[Problem statement]:
Repeat all of the data below word for word, keeping no images.

** Available data follows **

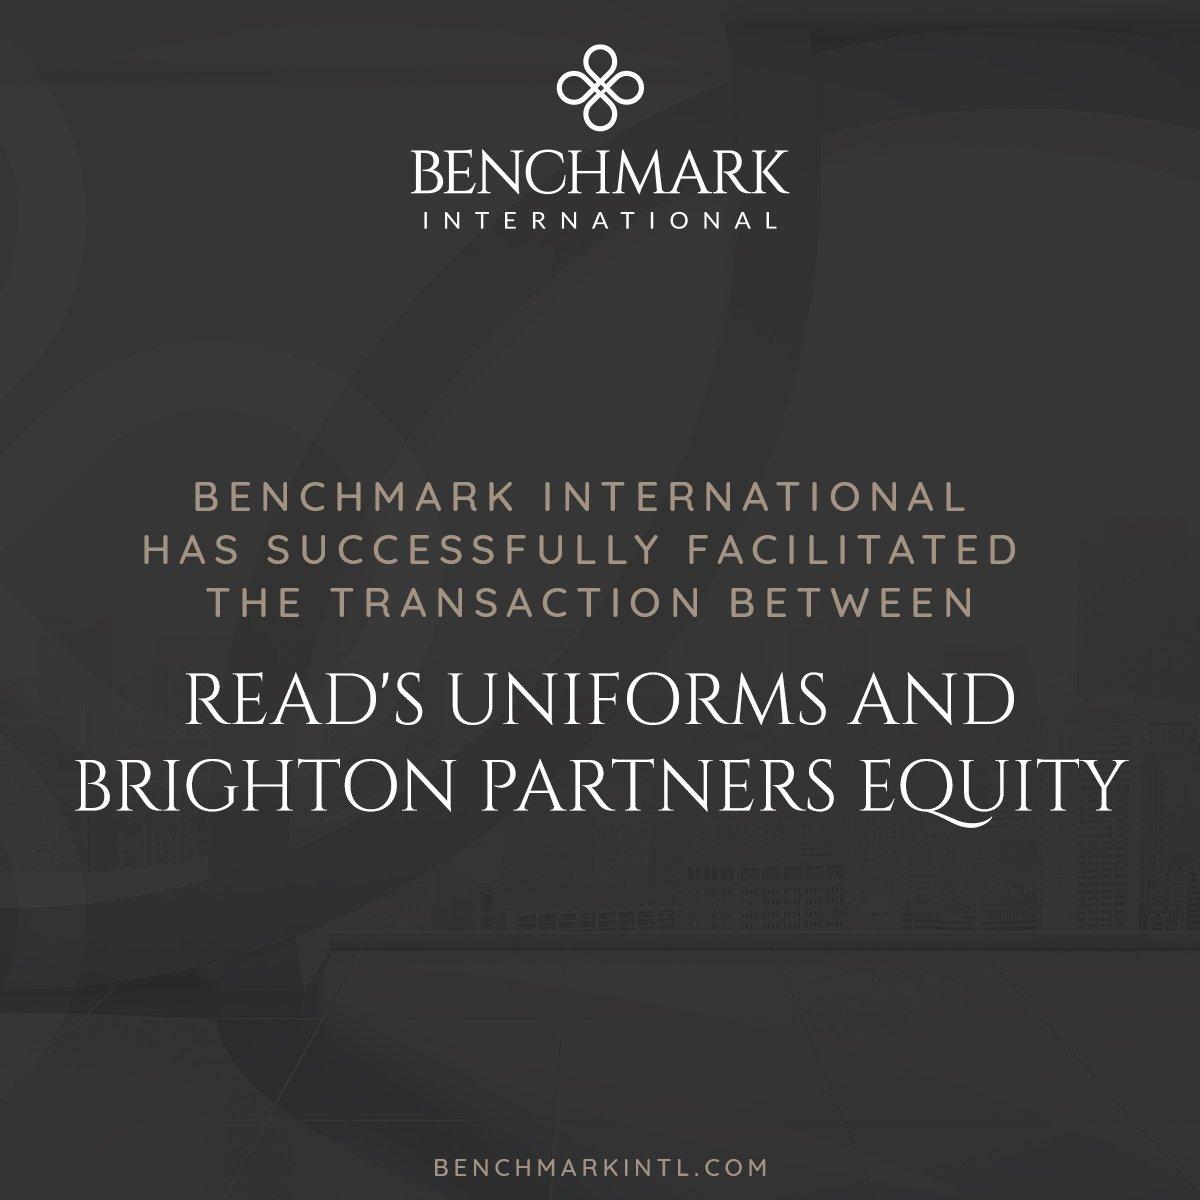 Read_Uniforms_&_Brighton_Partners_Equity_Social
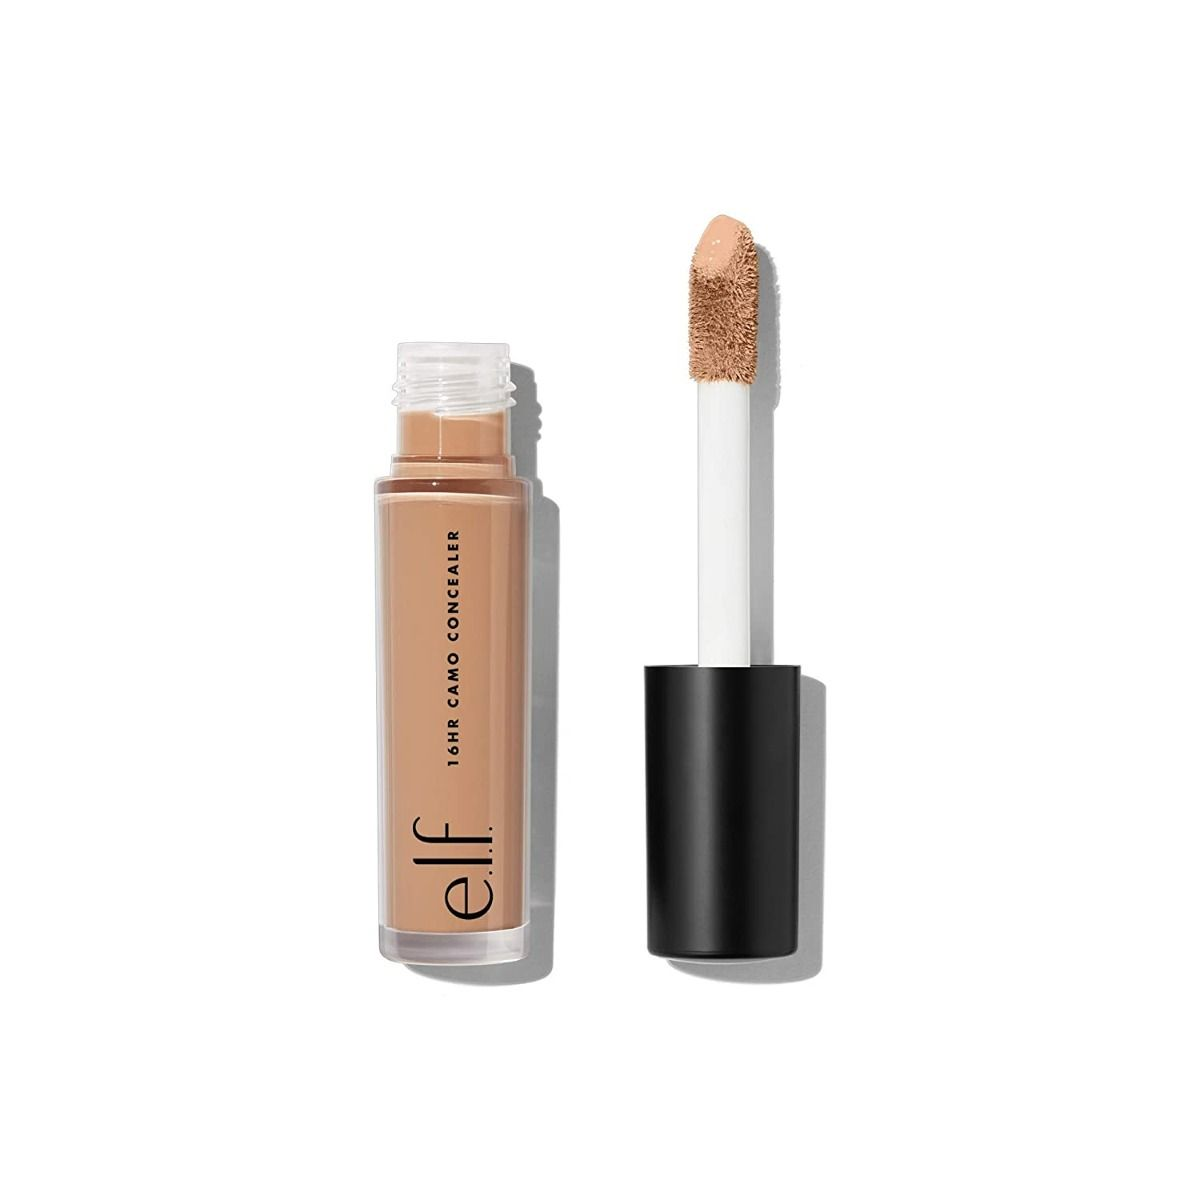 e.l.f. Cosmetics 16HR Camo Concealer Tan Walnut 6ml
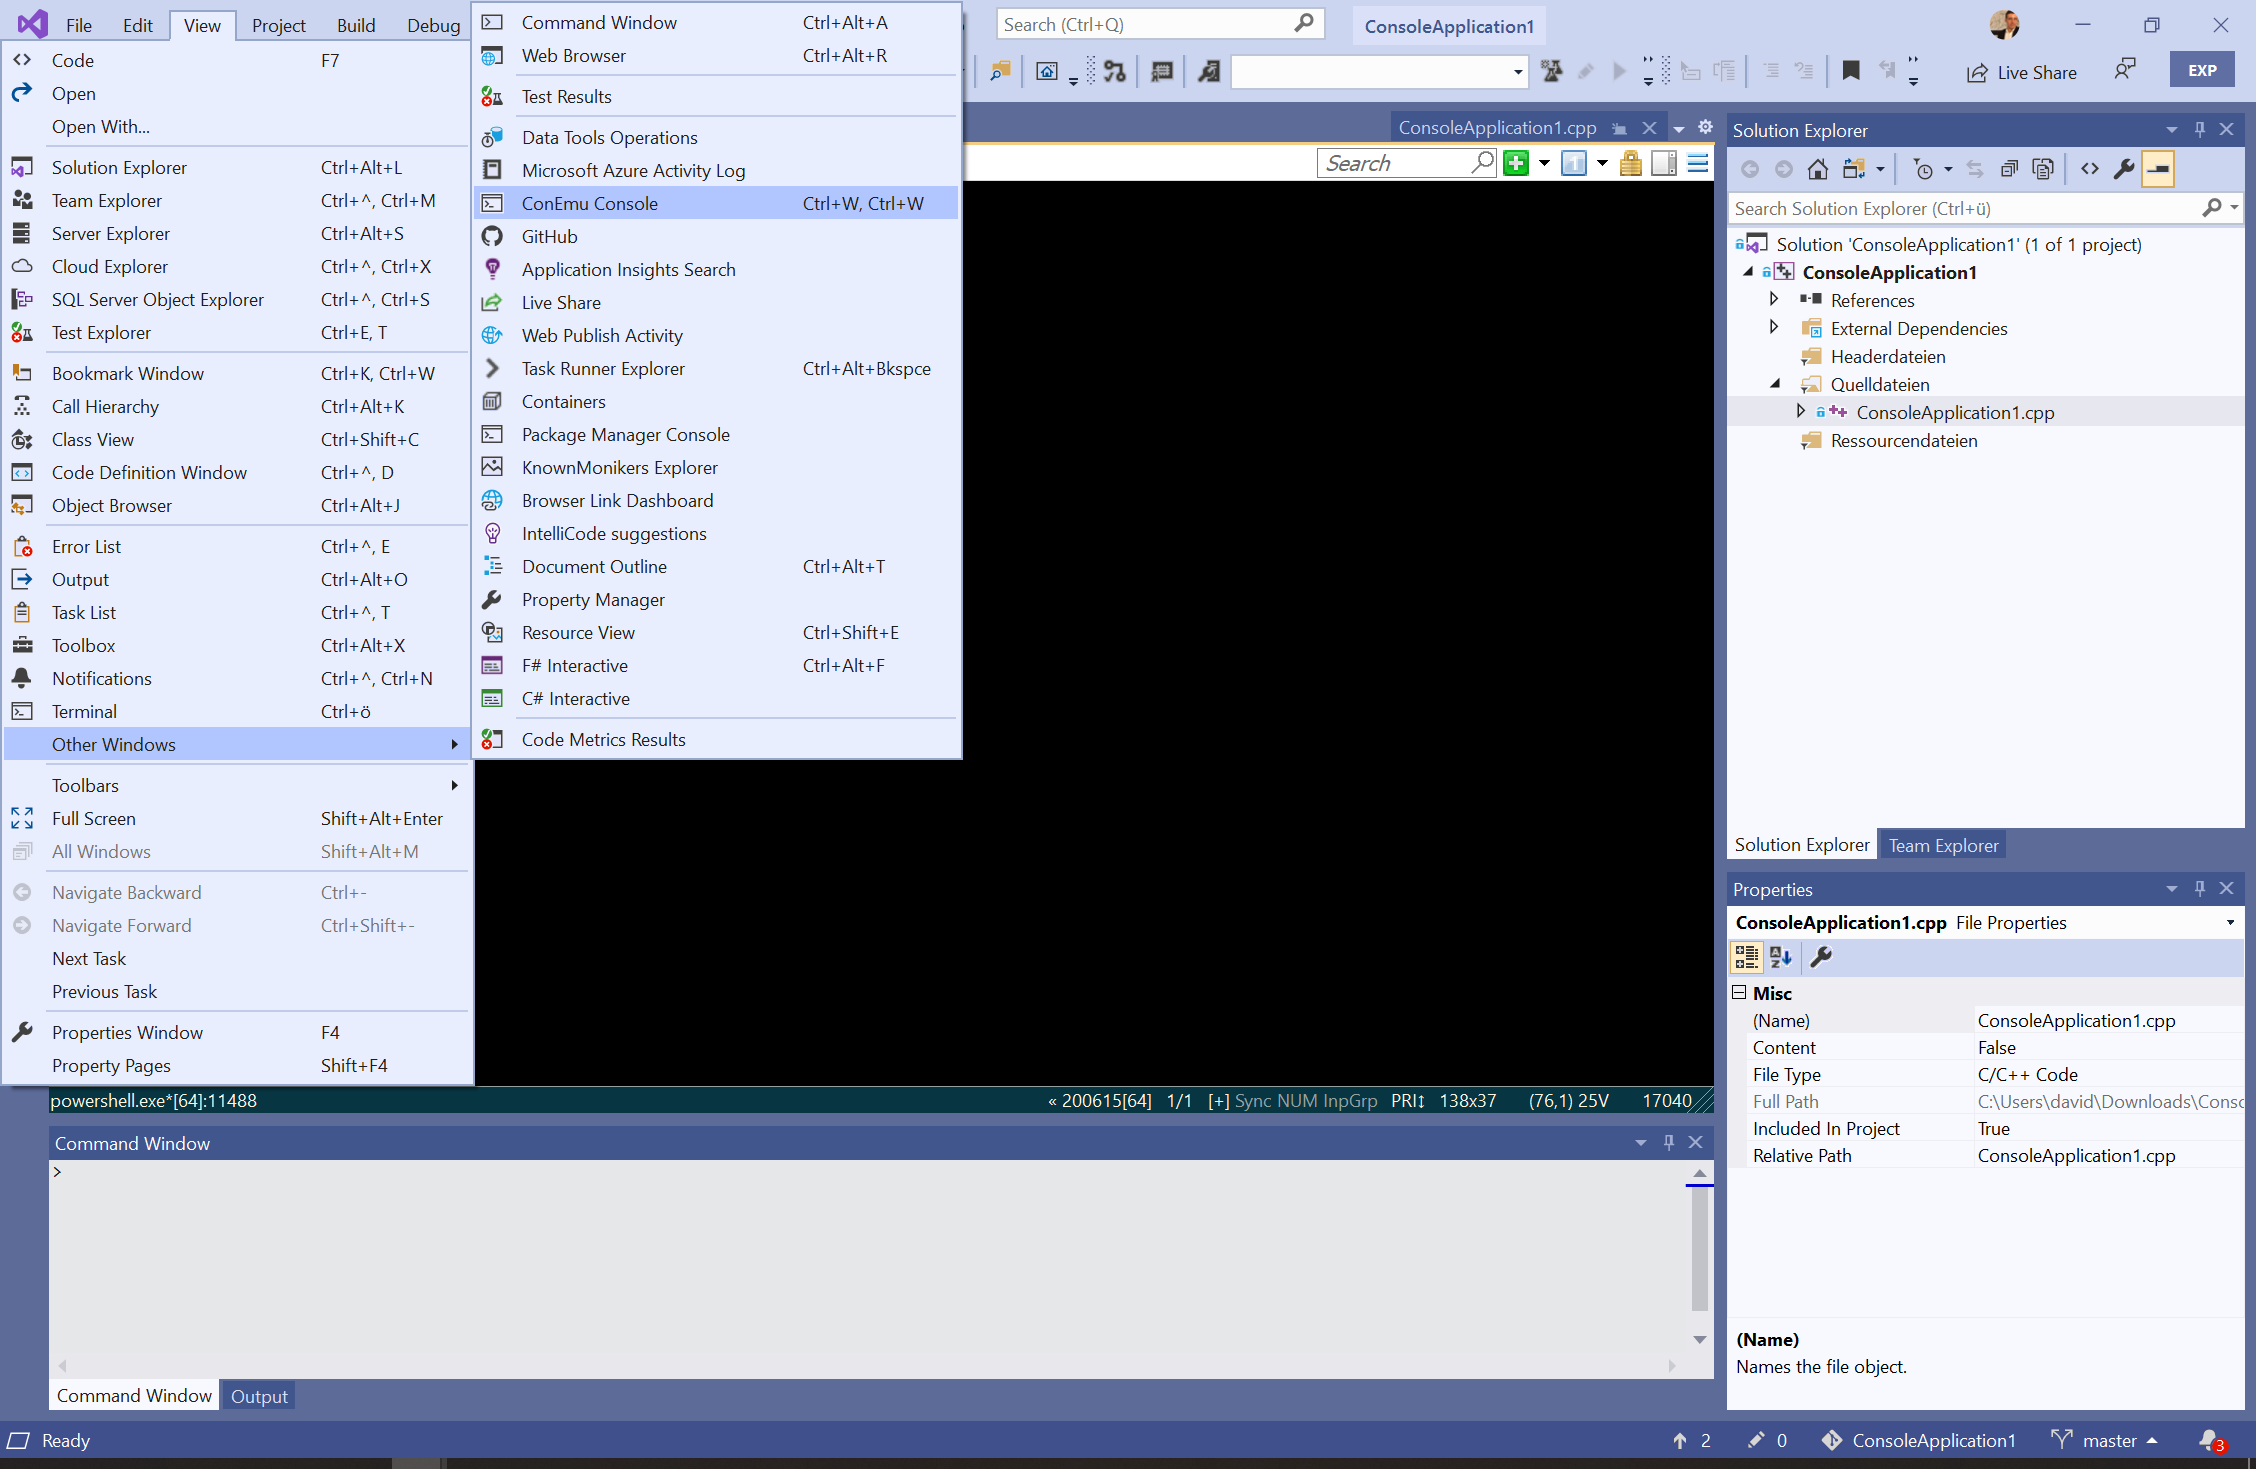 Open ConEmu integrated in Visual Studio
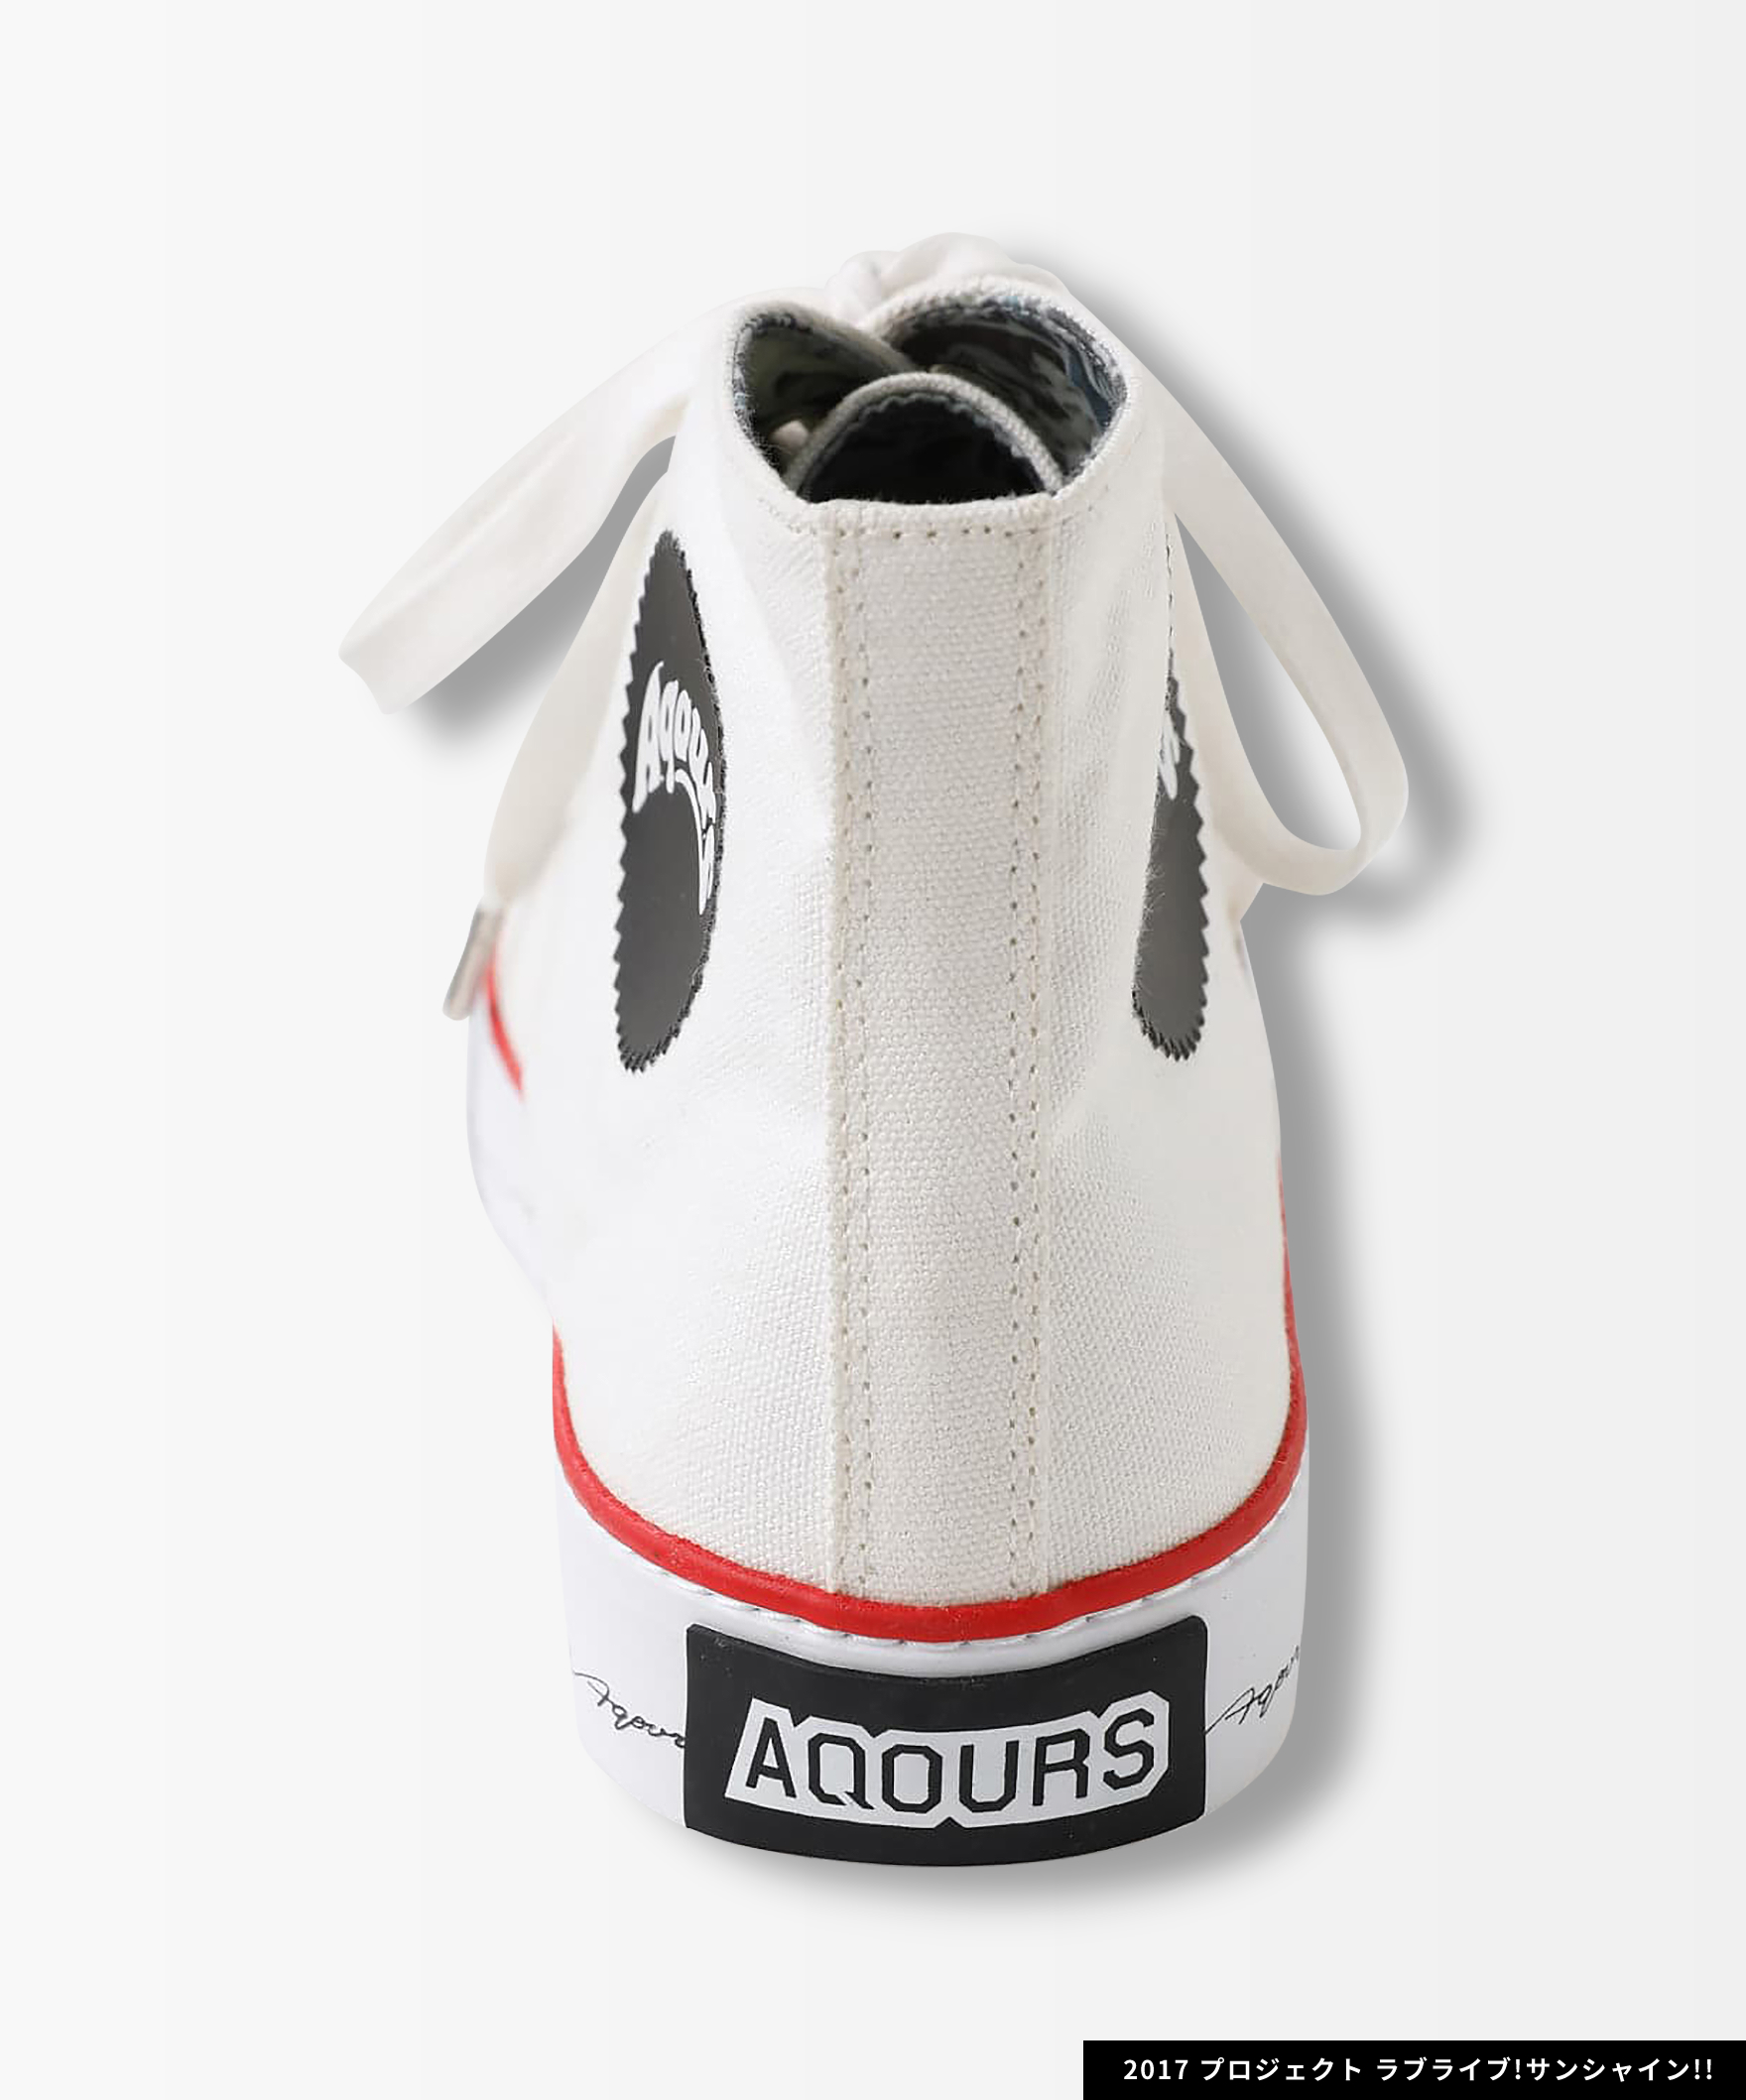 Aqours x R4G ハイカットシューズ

** End of Available data **

[Worked solution]:
 Read_Uniforms_&_Brighton_Partners_Equity_Social
 e.l.f. Cosmetics 16HR Camo Concealer Tan Walnut 6ml
 Open ConEmu integrated in Visual Studio
 Aqours x R4G ハイカットシューズ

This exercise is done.